Ульриха Кёлера относят ко второй волне «берлинской школы» – к режиссерам, не имеющим отношения к самой школе как образовательному институту,  но связанным с нею тонкими нитями схожих стилистик или мироощущений. Сам Кёлер довольно скептически говорит о подобном объединении, одновременно с этим отзываясь о своих коллегах с большой симпатией и называя многих из них своими друзьями. Сейчас Кёлеру 41 год. В детстве вместе с родителями, представителями гуманитарной миссии, он жил в Африке (сразу вспоминается Клер Дени). После учился во французском колледже Quimper,  изучал философию и визуальные коммуникации в Гамбурге. С 2001 по 2010 год, перебравшись в Берлин, снял три полнометражных фильма и несколько короткометражек.

Однако, несмотря на столь скромный послужной список, кинематограф Кёлера сегодня кажется очень важной вехой в эволюции кино. Ее  поступательным движением. Развитием определенной линии. Линии, которая берет свое начало в итальянском неореализме, проходит через «новую волну» – французскую, немецкую (включая также имена таких независимых режиссеров, как Рудольф Томе и Клаус Лемке) и даже тайскую. Черпает свое вдохновение в идеологии второго поколения великих французов (Гаррель, Пиала, Дуайон и др),  в классиках (Брессон, Антониони) и «медленном кино» 90-х. Одновременно этот кинематограф уже вступает в полемику с навязчивым социальным реализмом Кена Лоуча и категорически отрицает «новый реализм» Брюно Дюмона и Михаэля Ханеке. Реформируя, таким образом, определенный вид отношений между режиссером и зрителем – возвращаясь вновь к отношению равных, как в плане языка, так и в социальном контексте. В этой честности как раз и кроется ключ к пониманию большинства представителей «берлинской школы» и Ульриха Кёлера в частности. Ведь если, к примеру, «Дюмон, Корин, Коте снимают о глубинке, но не для глубинки» (смотри эссе Олександра Телюка), Кёлер (к нему можно добавить и Аде, и Хоххойслера, и Шанелек, и т.д.) снимает уже о среднем классе для среднего класса (то есть о своем и для своего социального круга, избегая таким образом той неизменной лживости, что присуща сегодня, скажем, новому российскому кино). Создавая вместе с этим и очень точный временной слепок, предельно четко фиксирующий настоящее.  Отсюда и эта схожая проблематика, и связь между фильмами и героями.

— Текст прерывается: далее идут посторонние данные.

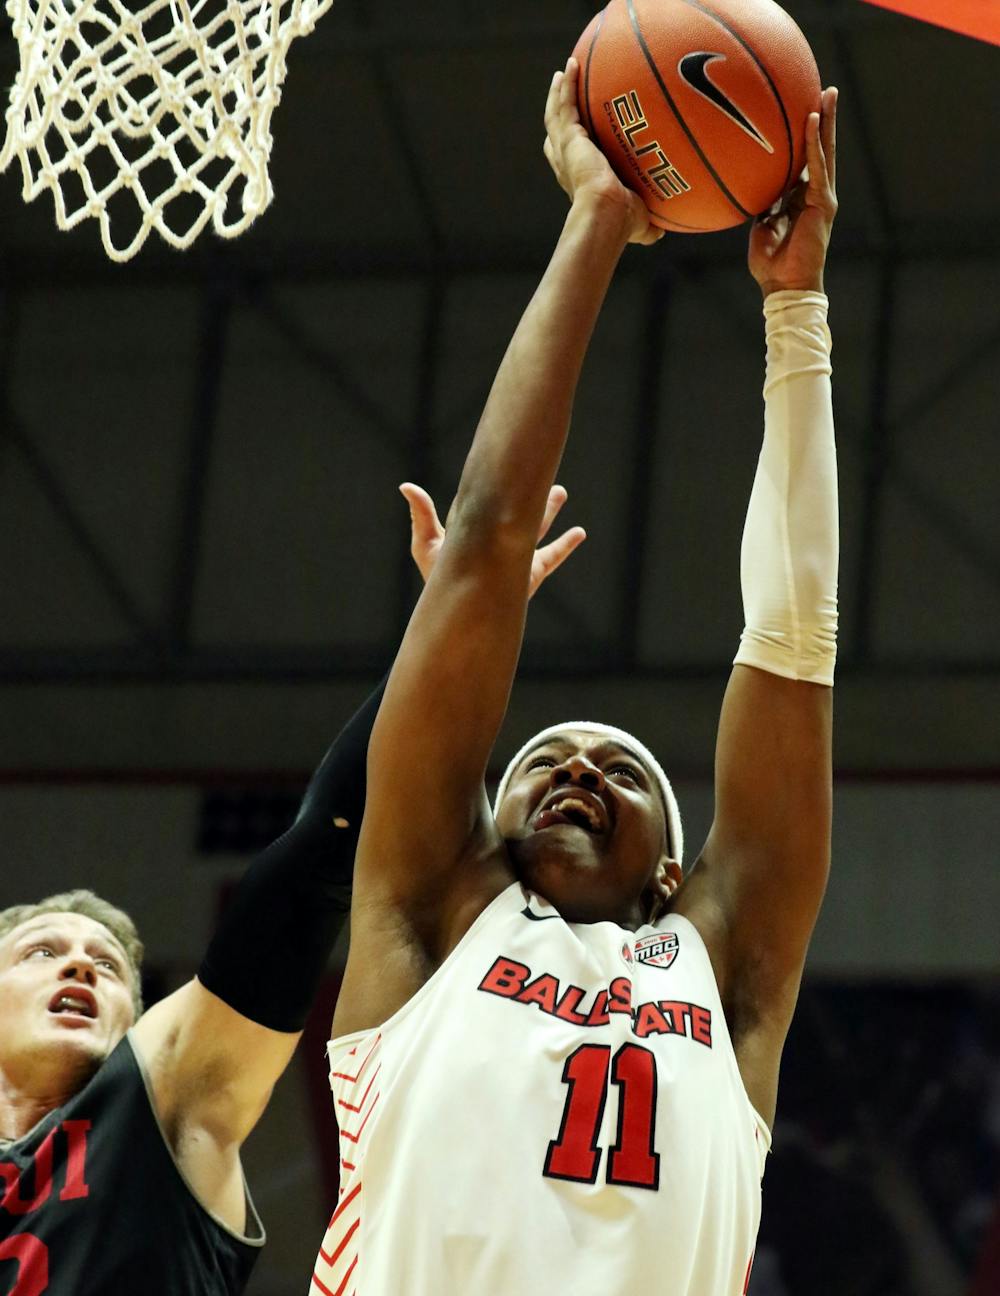 Coleman’s efficiency on offense highlights win over IUPUI

Причем, как бы Кёлер не противился единению с «берлинской школой», он действительно близок к режиссерам этого направления, что позволяет нам говорить если не о школе, то об одном поколении или даже, действительно, о «новой новой волне» немецкого кино. Так, Кёлер нарочито уходит от каких-либо манипуляций с драматургией или попыток судить или делать выводы. Выбирает позицию наблюдателя, а не участника. Очень тонко и выверенно работает со звуком, отказываясь от какой-либо музыки, если та не звучит непосредственно на месте события. Отдает предпочтение статичной или малоподвижной камере. При этом его герои то и дело стремятся к побегу от социума, но оказавшись в одиночестве так и не находят успокоения. Они все еще находятся во власти стереотипов или правил созданных предыдущими поколениями. Строят собственные дома, но тут же возвращаются к родительским. Обзаводятся имуществом в городе, но стремятся покинуть все это. Даже институт семьи, еще одно важное наследие предыдущих поколений, ставится под большой знак вопроса. Кроме того, ключевым вопросом становится вопрос коммуникации – возможности общения друг с другом: способны ли люди, испытывающие чувства потерянности и безмерной печали, быть рядом с себе подобными? Но вместе с тем у Кёлера выстраивается и своя особая система координат, где есть место очень тонкому психологизму, экзистенциальному побегу и главное, – той теплоте и пониманию, с которой показываются герои, замкнутые в своих маленьких мирах.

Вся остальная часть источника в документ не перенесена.